Linking bioturbation and wildfire to nonlocal transport in steeplands of the California Bay Area

Dry ravel -- the inertia-based particle motion often induced by biotic activity or wildfire -- is a dominant sediment transport process in steeplands across the world. The contribution of ravel to sediment fluxes is important to constrain in long-term sediment budgets, and because it can be a key component of mass wasting hazards such as post-fire debris flows. Ravel fluxes commonly increase after fire due to the release of sediment stored behind incinerated vegetation. Recent work has also shown that reduced surface roughness on burned hillslopes can contribute to this flux by drastically enhancing particle travel distances. Predominantly long-distance particle motion, often termed nonlocal, is poorly described by existing hillslope flux models that fail to account for the effects of topographic variation and particle momentum.

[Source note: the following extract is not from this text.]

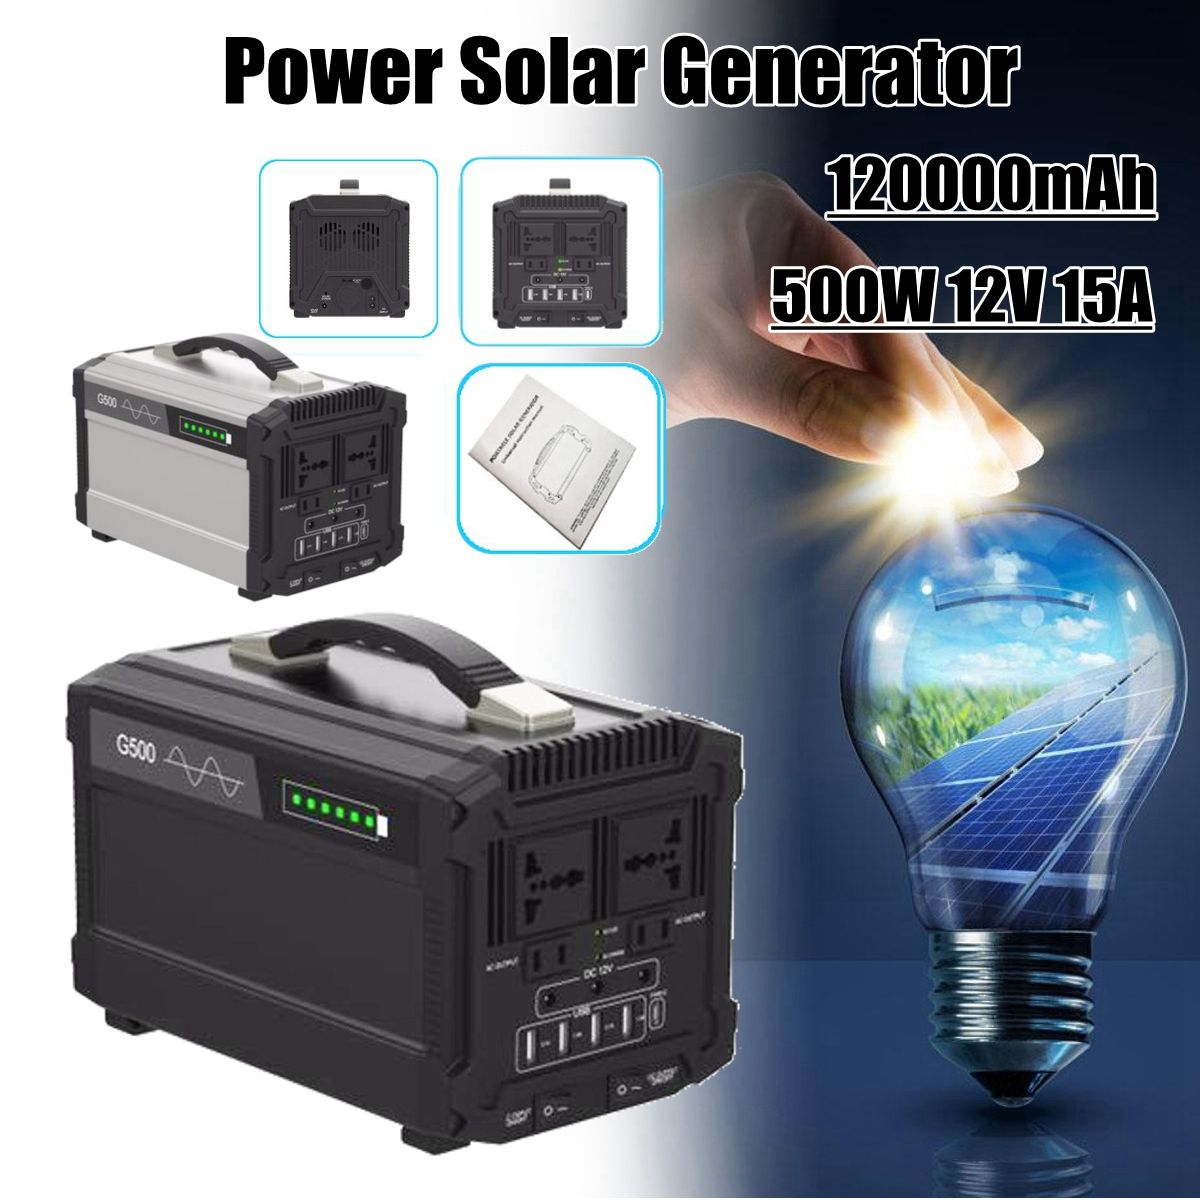 444Wh 120000 mah 500 watt 12 v 15A Energie Lagerung Hause Outdoor Tragbare Strom Solar Generator Schneller Ladung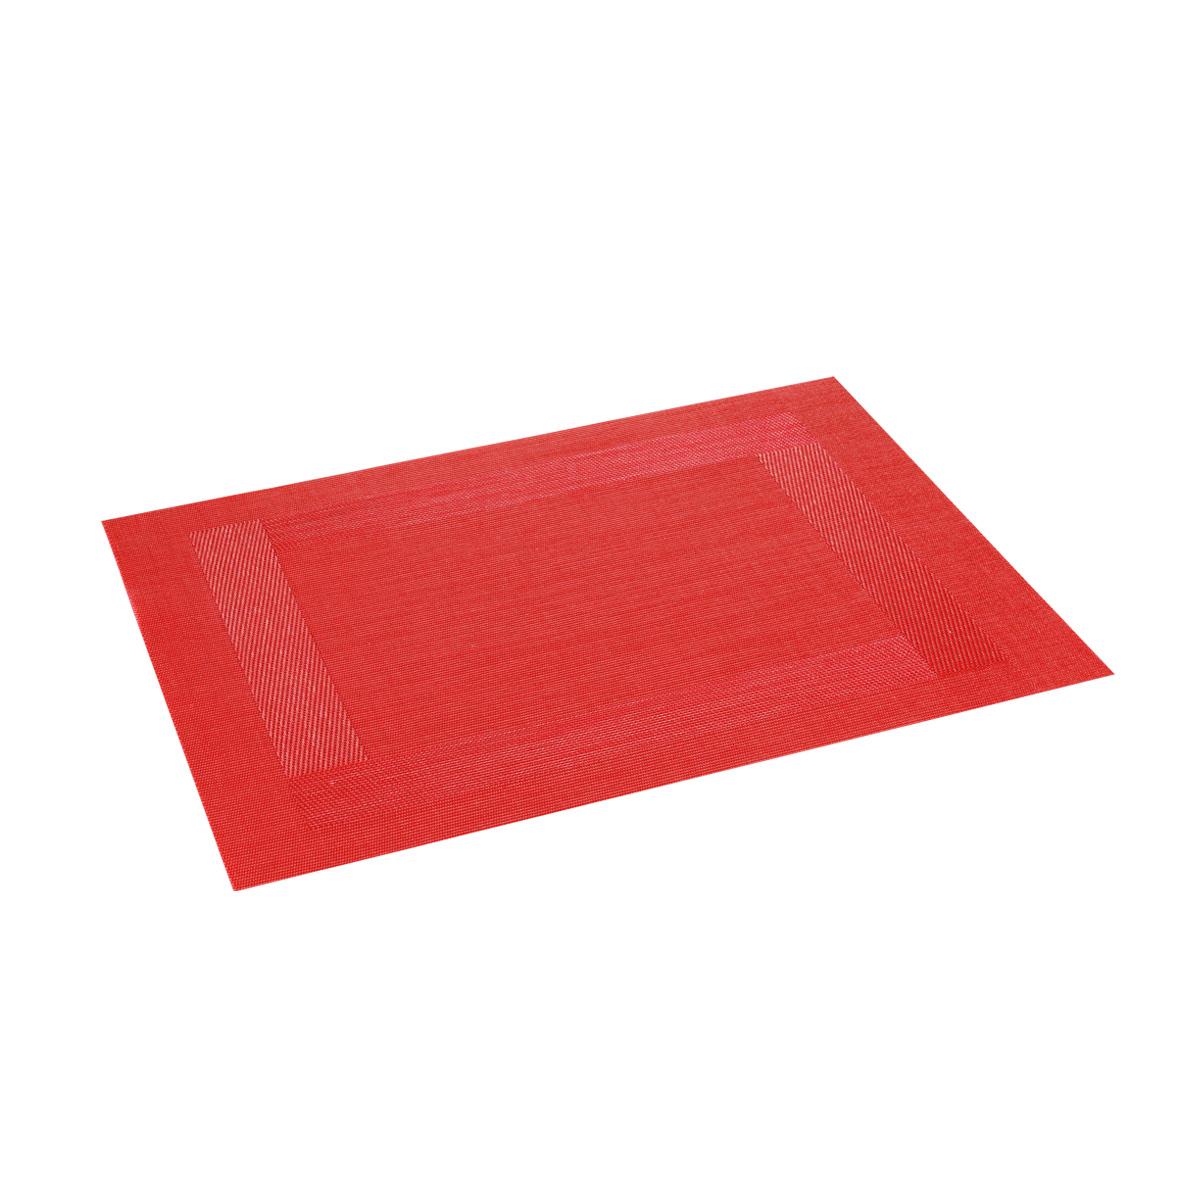 Prostírání FLAIR FRAME 45x32 cm, červená

This leads to a fundamental gap in our ability to predict postfire sediment fluxes or how landscapes will respond to changing fire regimes. A transition to long-distance, or nonlocal transport can be effectively represented by a statistical framework for particle travel distance distributions, but has only been observed in controlled experiments to date. The degree and conditions under which real ravel fluxes become nonlocal has yet to be established. We perform the first field calibration of this statistical framework in a heavily bioturbated and recently burned field site at the Blue Oak Ranch Reserve near Mt. Hamilton in central coastal California. This field site, which is a thickly soil mantled oak savannah, was burned in the SCU Complex fire in August 2020. We conducted repeat measurements, topographic analyses and field experiments with in situ particles to examine how key variables including surface roughness, slope and particle size control the evolution of ravel particle travel distances as vegetation regrows after fire. We combine these data with measured grain size distributions and short-lived radionuclide analysis for freshly exhumed and mobile particle deposits, to gain new insights on ravel mechanics and fluxes in postfire landscapes.